Our investments may include OID and PIK instruments. To the extent OID and PIK interest income constitute a portion of our income, we will be exposed to risks associated with such income being required to be included in an accounting income and taxable income prior to receipt of cash, including the following:
•OID instruments may have unreliable valuations because the accretion of OID as interest income requires judgments about its collectability.
•OID instruments may create heightened credit risks because the inducement to the borrower to accept higher interest rates in exchange for the deferral of cash payments typically represents, to some extent, speculation on the part of the borrower.
•For accounting purposes, cash distributions to shareholders that include a component of accreted OID income do not come from paid-in capital, although they may be paid from the offering proceeds. Thus, although a distribution of accreted OID income may come from the cash invested by the shareholders, the 1940 Act does not require that shareholders be given notice of this fact.

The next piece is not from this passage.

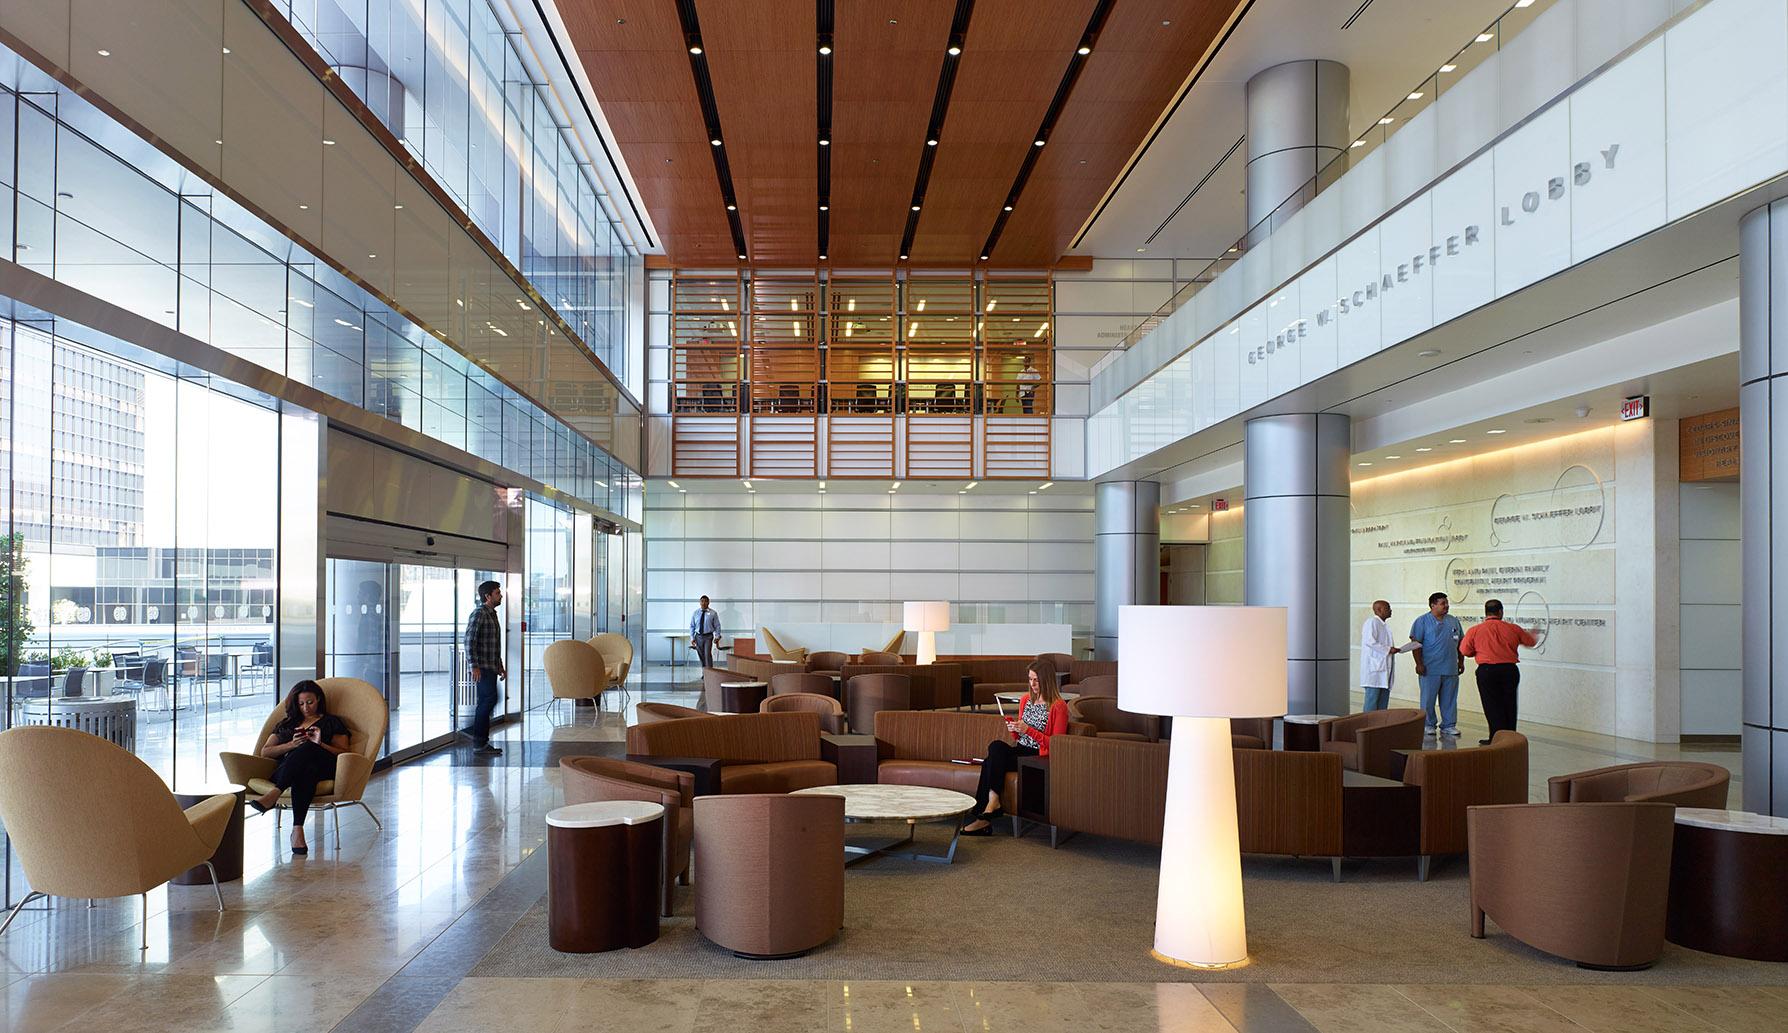 Cedars-Sinai Medical Center Advanced Health Sciences

•The presence of accreted OID income and PIK interest income create the risk of non-refundable cash payments to the Advisor in the form of subordinated incentive fees on income based on non-cash accreted OID income and PIK interest income accruals that may never be realized.
•In the case of PIK “toggle” debt (debt for which the issuer may defer an interest payment by agreeing to pay an increased coupon in the future, provided that all deferred payments must be made by the instrument’s maturity), the PIK interest election has the simultaneous effects of increasing the investment income, thus increasing the potential for realizing incentive fees.
•The required recognition of OID and PIK interest for U.S. federal income tax purposes may have a negative impact on liquidity, as such amount represent non-cash income that may require cash distributions to shareholders in order to maintain our ability to be subject to tax as a RIC.
Our investments in private investment funds, including hedge funds, private equity funds, limited liability companies and other business entities, subject us indirectly to the underlying risks of such private investment funds and additional fees and expenses.
Our investments in private investment funds, including hedge funds, private equity funds, limited liability companies and other business entities, expose us to the risks associated with the businesses of such funds or entities. These private investment funds are not registered investment companies and, thus, are not subject to protections afforded by the 1940 Act covering, among other areas, liquidity requirements, governance by an independent board, affiliated transaction restrictions, leverage limitations, public disclosure requirements and custody requirements.
We rely primarily on information provided by managers of private investment funds in valuing our investments in such funds. There is a risk that inaccurate valuations provided by managers of private investment funds could adversely affect the value of our Shares. In addition, there can be no assurance that a manager of a private investment fund will provide advance notice of any material change in such private investment fund’s investment program or policies, therefore our investment portfolio may be subject to additional risks, which may not be promptly identified by our Advisor.
Investments in the securities of private investment funds may also involve duplication of advisory fees and certain other expenses. By investing in private investment funds indirectly through us, you bear a pro rata portion of our advisory fees and other expenses, and also indirectly bear a pro rata portion of the advisory fees, performance-based allocations and other expenses borne by us as an investor in the private investment funds.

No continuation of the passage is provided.